Using the records that appear below, write out exactly the lines from the one with "Chanel Vintage '88" through the one with "Steven Universe 1920X1080", keeping both end lines.

_SOURCE DATA_
----------------

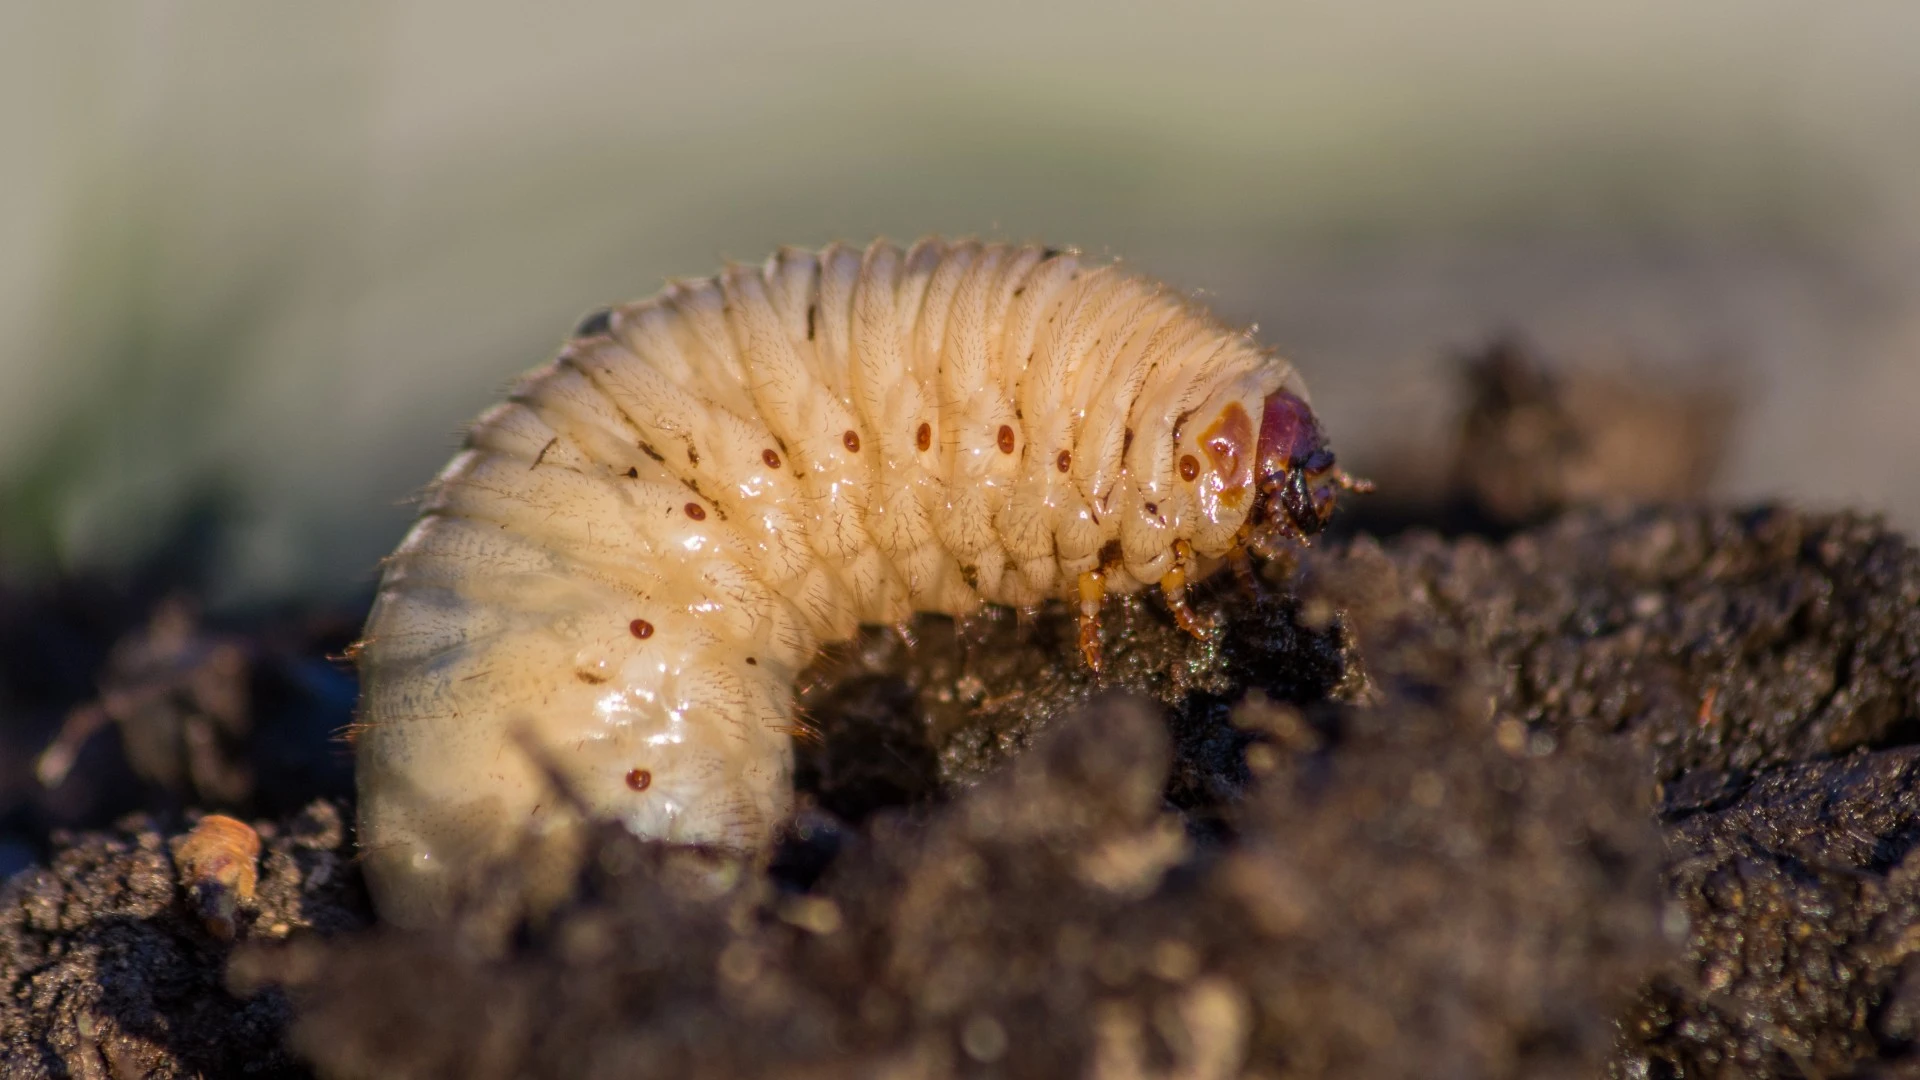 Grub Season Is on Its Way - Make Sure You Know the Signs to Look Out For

----------------

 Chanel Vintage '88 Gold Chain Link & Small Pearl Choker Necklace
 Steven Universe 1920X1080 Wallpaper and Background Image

----------------

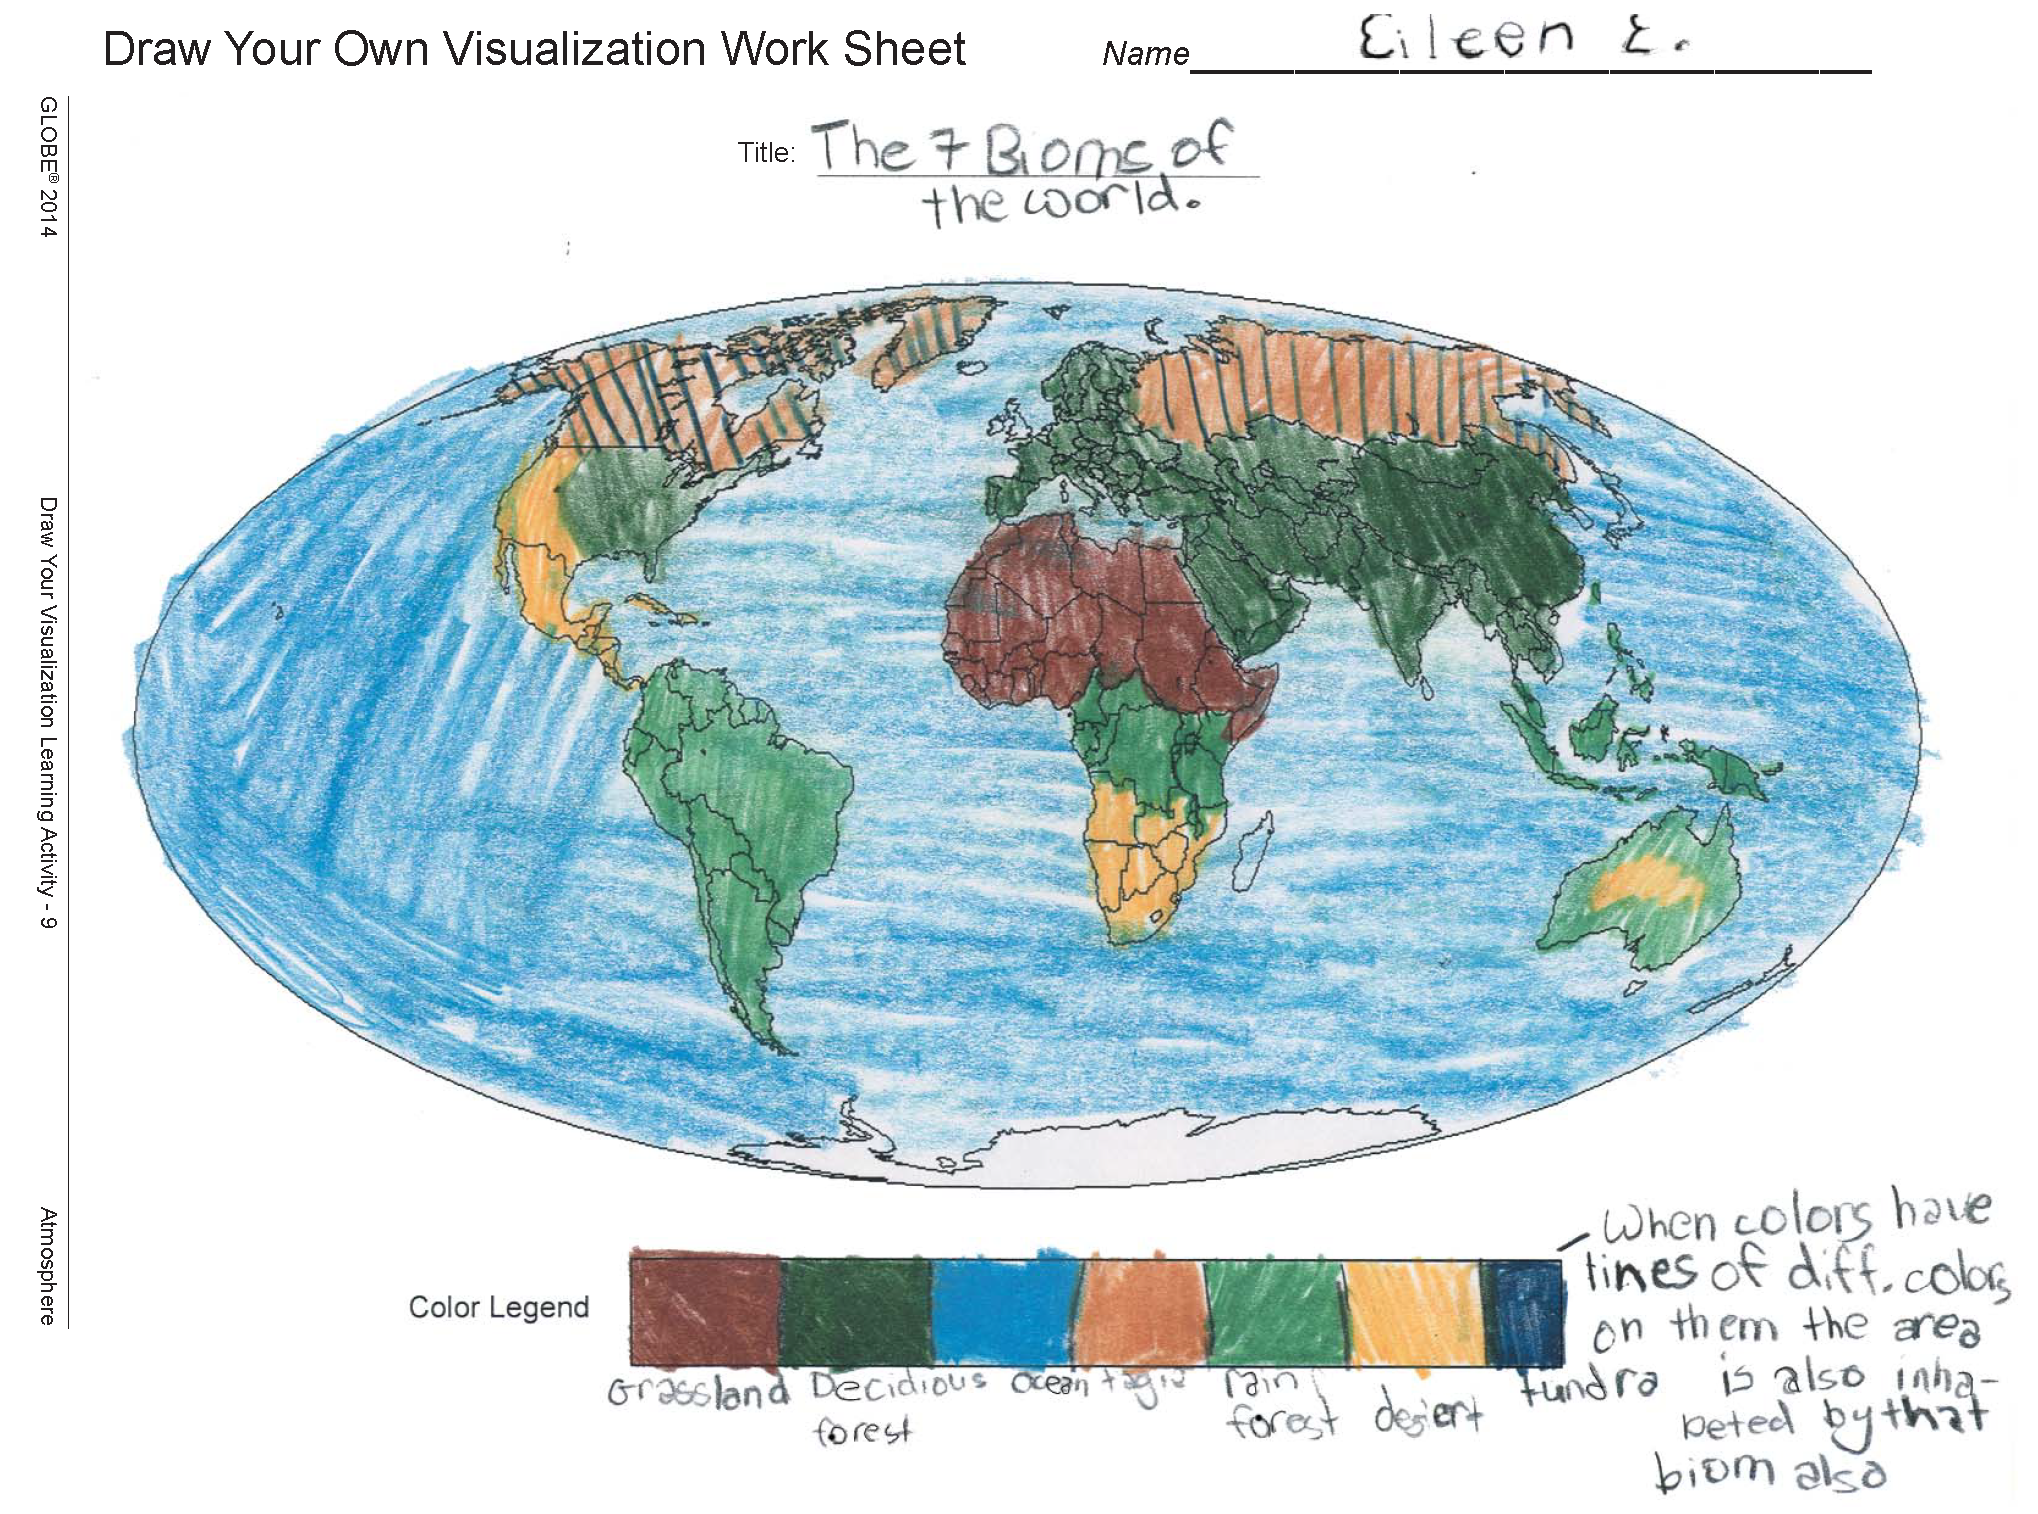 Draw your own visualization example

----------------

_SOLUTION TO THIS TASK_
 Chanel Vintage '88 Gold Chain Link & Small Pearl Choker Necklace
 Steven Universe 1920X1080 Wallpaper and Background Image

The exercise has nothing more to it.